Кодзиро Сэридзава - Книга о Человеке
— Во всей Вселенной существует лишь Сила Великой Природы, иначе говоря — единый Бог, а люди, так же как и все живые существа, суть Его чада, поэтому Его и называют Богом-Родителем. Если ты, исходя из представлений, внушенных католичеством, противишься истине, проясненной в моей книге, тебе следует освободиться от своих предубеждений посредством собственных духовных усилий, духовных упражнений. Я уверен, тебе это по силам, поскольку у тебя есть такой замечательный помощник, как Накамура, который всегда придет на подмогу. После обязательно расскажи мне. Это будет прекрасным примером для приверженцев других религий. И не падай духом!

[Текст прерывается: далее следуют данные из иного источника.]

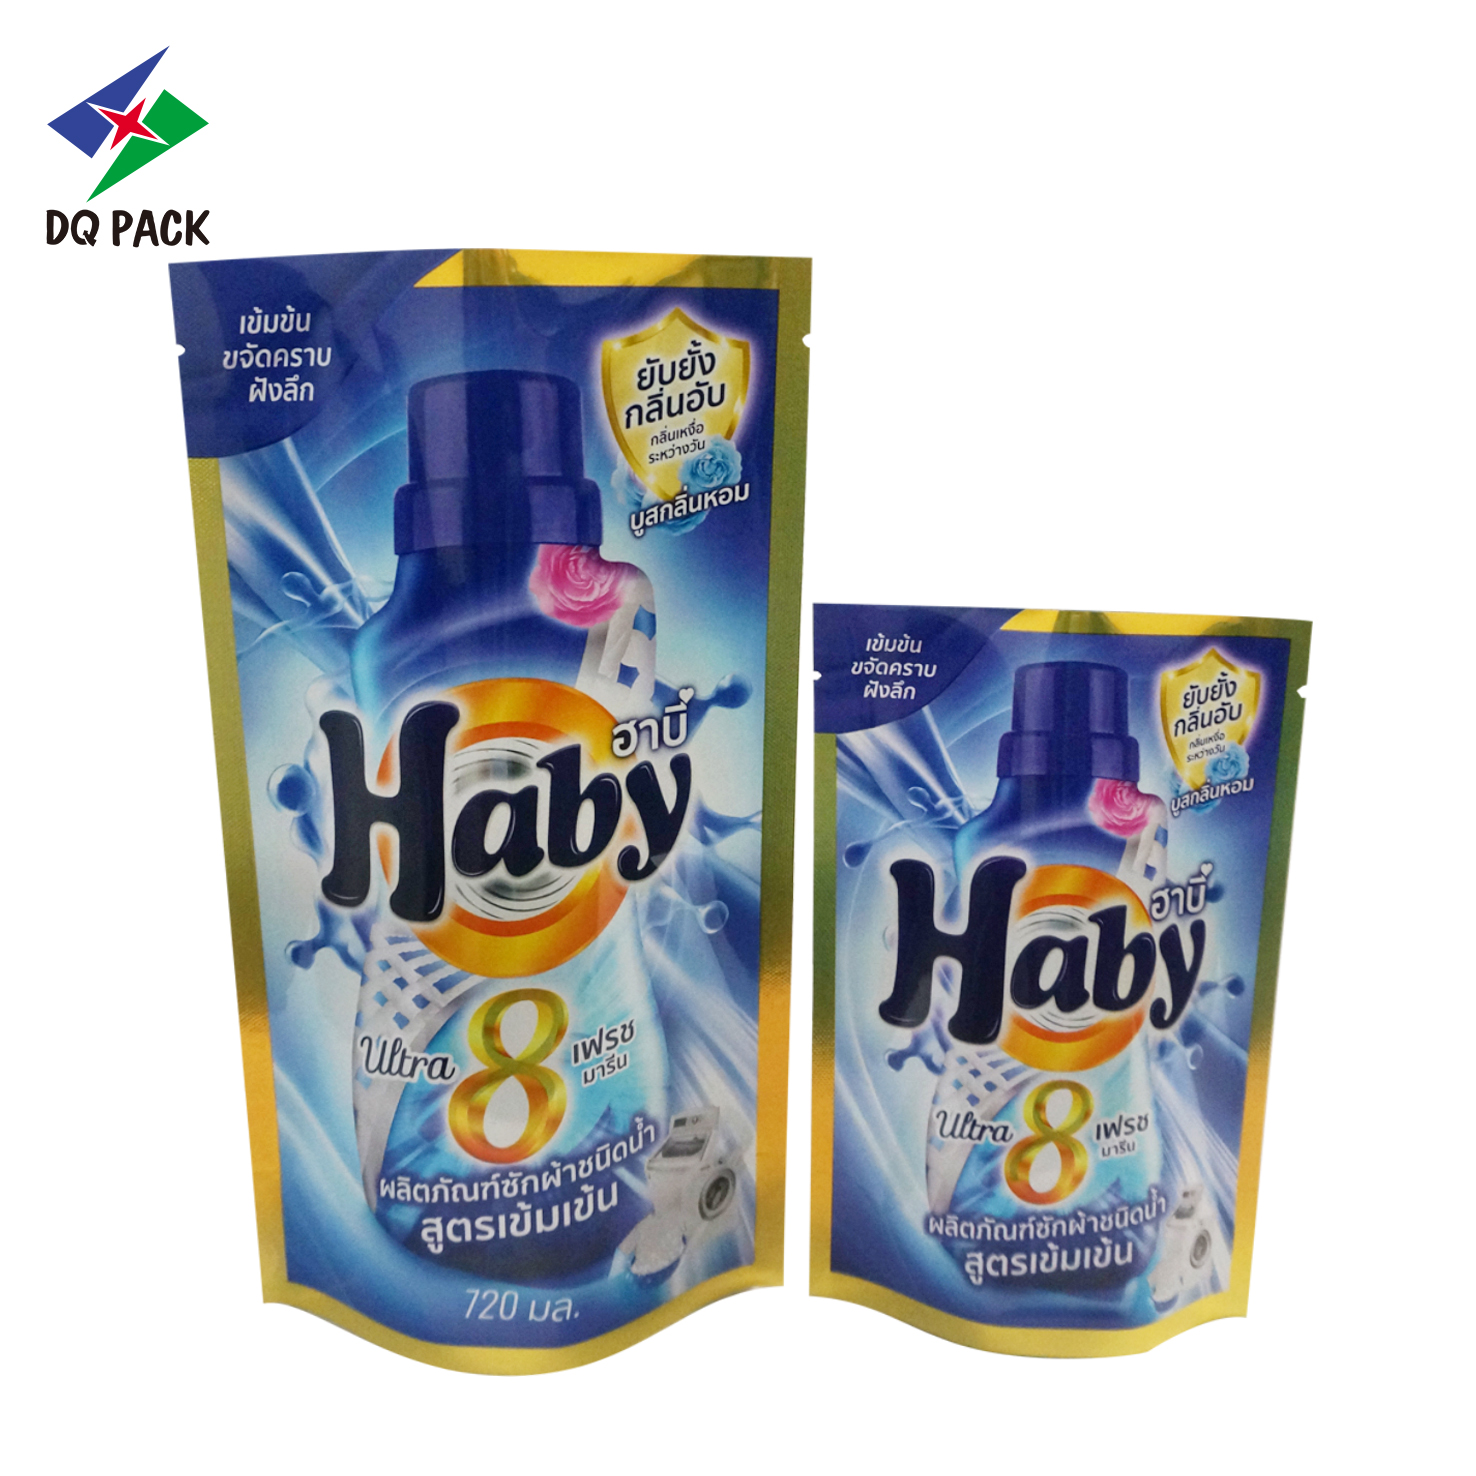 Competitive Price for Bottle Label - DQ PACK Laundry Detergent Stand up bag Hot Seal bag hot sale packaging bag For Chemical – DQ PACK

— Конечно, обязательно расскажу… И еще. В вашей книге меня удивило то место, где говорится, что мир смерти следует называть вратами в Истинный мир. Я верю, что это так и есть, но говорить, будто мир смерти такой веселый, такой беззаботный… не породит ли это эпидемию самоубийств?
— Профессор Кодайра также предостерег меня. Честно говоря, я написал это с единственной целью — сообщить, что люди как при жизни, так и после смерти пребывают в лоне Бога (Великой Природы). Мой друг Кадзуо Накатани радостно поведал мне о том, как он в бане на горячем источнике смывает пыль, накопленную в Мире явлений, а ведь шел уже восьмой месяц после его смерти. Если даже такой образцовый человек принужден в течение восьми месяцев ежедневно смывать с себя пыль, духовные упражнения и испытания в мире смерти не такая легкая вещь, вот что я почувствовал… После того как профессор Кодайра привлек мое внимание к этой проблеме, я спросил у госпожи Родительницы, и вот что она мне сказала: «Когда человек умирает, „божественный дух“, который есть в сердце каждого, подводит его к порогу смертной обители. У входа его встречает стражник, и покойный в соответствии с поступками, совершенными в Мире явлений, принимает огненные муки, но поскольку самоубийство — поступок, более других противный Богу, самоубийца тут же, у входа в смертную обитель, принимает огненные муки и только после этого может пройти далее. Поэтому, хоть смерть и беспечальна, это не значит, что надо торопиться попасть туда».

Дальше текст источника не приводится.